Online Data Processing at Scale
COM2 Level 4
Executive Classroom, COM2-04-02
closeAbstract
The ubiquitous online data bring opportunities of insightful analytics, as well as the challenges of system processing at large scale. Online data are generally processed in two fundamental fashions: stream processing to meet the needs of real-time application, and transaction processing to address the coordination of short atomic computations. In this thesis, we look into the problems of scalable online data processing in distributed database systems, and specifically focus on the design and optimization of the key operators and protocols in real-time OLAP (online analytical processing) and OLTP (online transaction processing). In particular, we investigate the techniques for scalable distributed stream join processing, efficient distributed transaction management, and adaptive and speculative concurrency control protocol.

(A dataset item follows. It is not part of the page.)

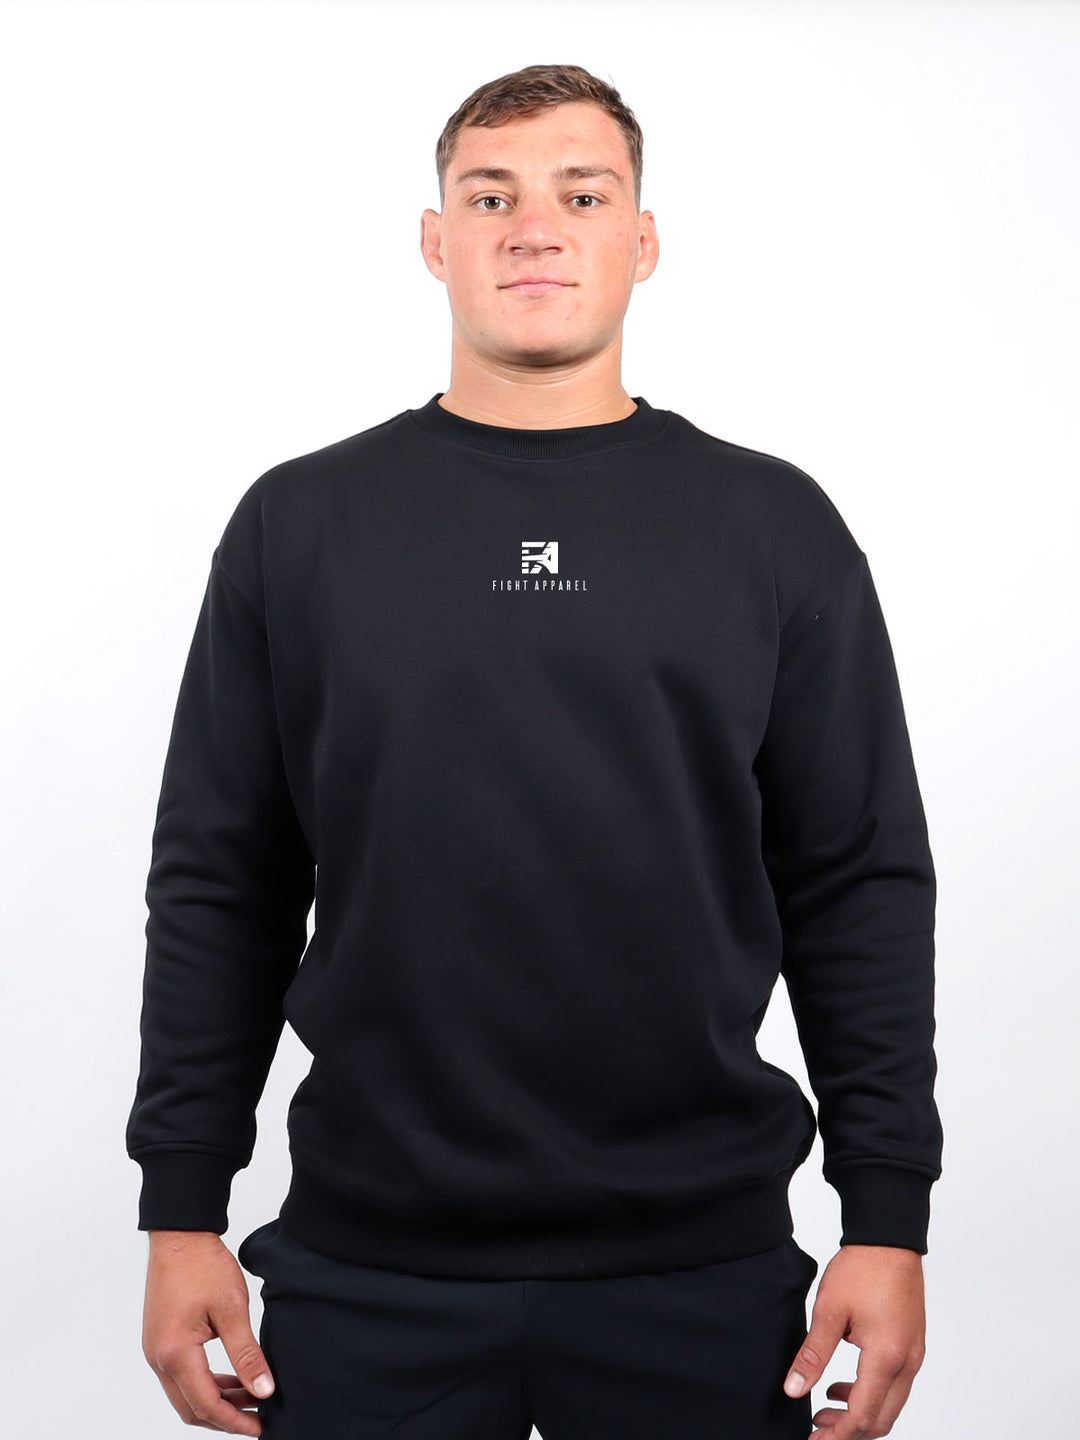 FA - Lifestyle V2.0 - Sweatshirt – Men
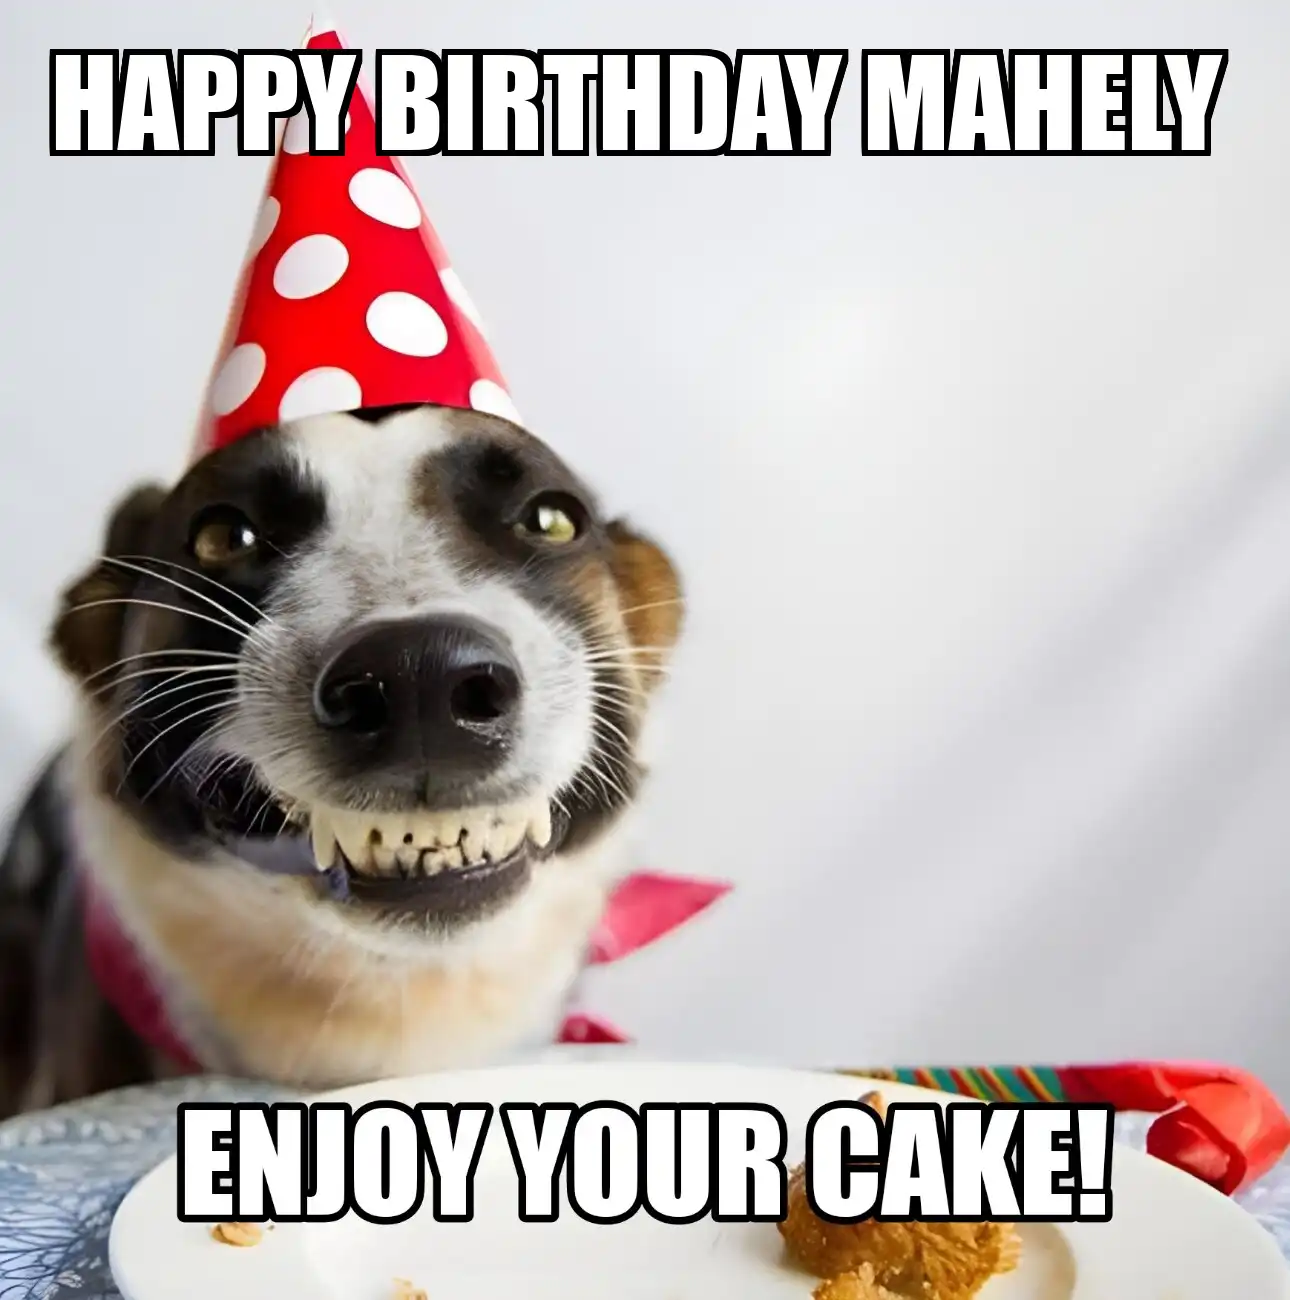 Happy Birthday Mahely Enjoy Your Cake Dog Meme

First, efficient and scalable stream joins play an important role in performing realtime analytics for many cloud applications. However, like in conventional database processing, online theta-joins over data streams are computationally expensive and moreover, being memory-based processing, they impose high memory requirement on the system. To improve the memory efficiency and scalability of distributed stream join processing, we propose a novel stream join model, called join-biclique, which organizes a large cluster as a complete bipartite graph. Join-biclique benefits parallel stream join processing in a distributed setting, and meanwhile suppresses memory consumption for the maintenance of join state.
Second, shared-nothing architecture has been widely used in distributed databases to achieve good scalability. While it offers superior performance for local transactions, the overhead of processing distributed transactions can degrade the system performance significantly. The key contributor to the degradation is the expensive two-phase commit (2PC) protocol used to ensure atomic commitment of distributed transactions. To address this issue , we propose a transaction management scheme called LEAP to avoid the 2PC protocol within distributed transaction processing. Instead of processing a distributed transaction across multiple nodes, LEAP converts the distributed transaction into a local transaction. This benefits the processing locality and facilitates adaptive data repartitioning when there is a change in data access pattern.
Third, existing concurrency control protocols for OLTP perform remarkably well under specific workloads or access patterns that they have been designed for. However, they often do not scale well when the workload is dynamic. To tackle the challenge of dynamic workloads, we propose an Adaptive and Speculative Optimistic Concurrency Control protocol (ASOCC) for effective transaction processing. Based on the real-time monitoring of data access frequency, ASOCC adaptively embeds two-phase locking (2PL) into the OCC scheme to facilitate superior contention resolution with reduced transaction aborts. Further, ASOCC dynamically inspects the correlation of data accesses and exploits such information to perform speculative transaction restart to save the CPU cycles wasted on the processing of transactions that are destined to abort.